Question

Consider the functions defined implicitly by the equation $y^3-3y+x=0$ on various intervals in the real line. If $x\in (-\infty ,-2)\cup (2,\infty )$, the equation implicitly defines a unique real valued differentiable function $y=f\left(x\right)$. If $x\in (-2,2)$, the equation implicitly defines a unique real valued differentiable function $y=g\left(x\right)$ satisfying $g\left(0\right)=0$.

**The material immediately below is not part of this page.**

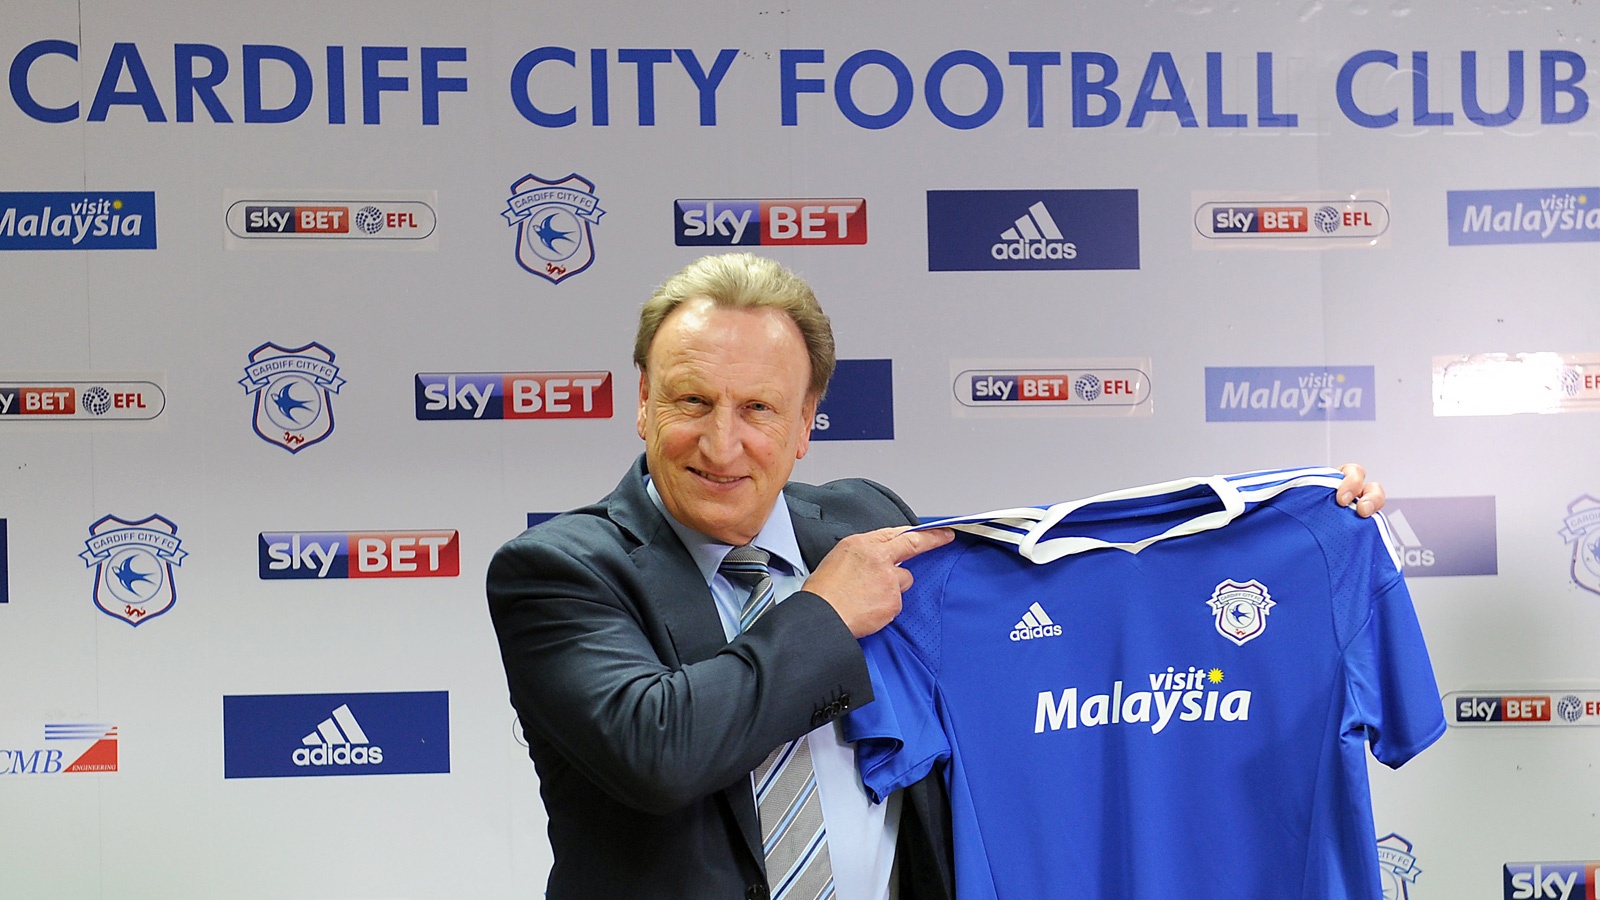 Cardiff City FC on X: Welcome to #CardiffCity, @ConnorWickham10

The area of the region bounded by the curves $y=f\left(x\right)$ , the $x$-axis, and the lines $x=a$ and $x=b,where-\infty <a<b<-2$, is

• A. ${\int }_a^b\frac{x}{3\left(\right(f\left(x\right){)}^2-1)}dx+bf\left(b\right)-af\left(a\right)$
• B. $-{\int }_a^b\frac{x}{3\left(\right(f\left(x\right){)}^2-1)}dx+bf\left(b\right)-af\left(a\right)$
• C. ${\int }_a^b\frac{x}{3\left(\right(f\left(x\right){)}^2-1)}dx-bf\left(b\right)+af\left(a\right)$
• D. $-{\int }_a^b\frac{x}{3\left(\right(f\left(x\right){)}^2-1)}dx-bf\left(b\right)+af\left(a\right)$

Answer 1

Answer: (A)

${\int }_a^b\frac{x}{3\left(\right(f\left(x\right){)}^2-1)}dx+bf\left(b\right)-af\left(a\right)$

The required area $={\int }_a^{b}f\left(x\right)dx=xf(x){|}_a^b-{\int }_a^{b}x{f}^{\prime }(x)dx$
$=bf(b)-af(a)+{\int }_a^b\frac{x}{3\left[\right(f(x{)}^2-1)]}dx$.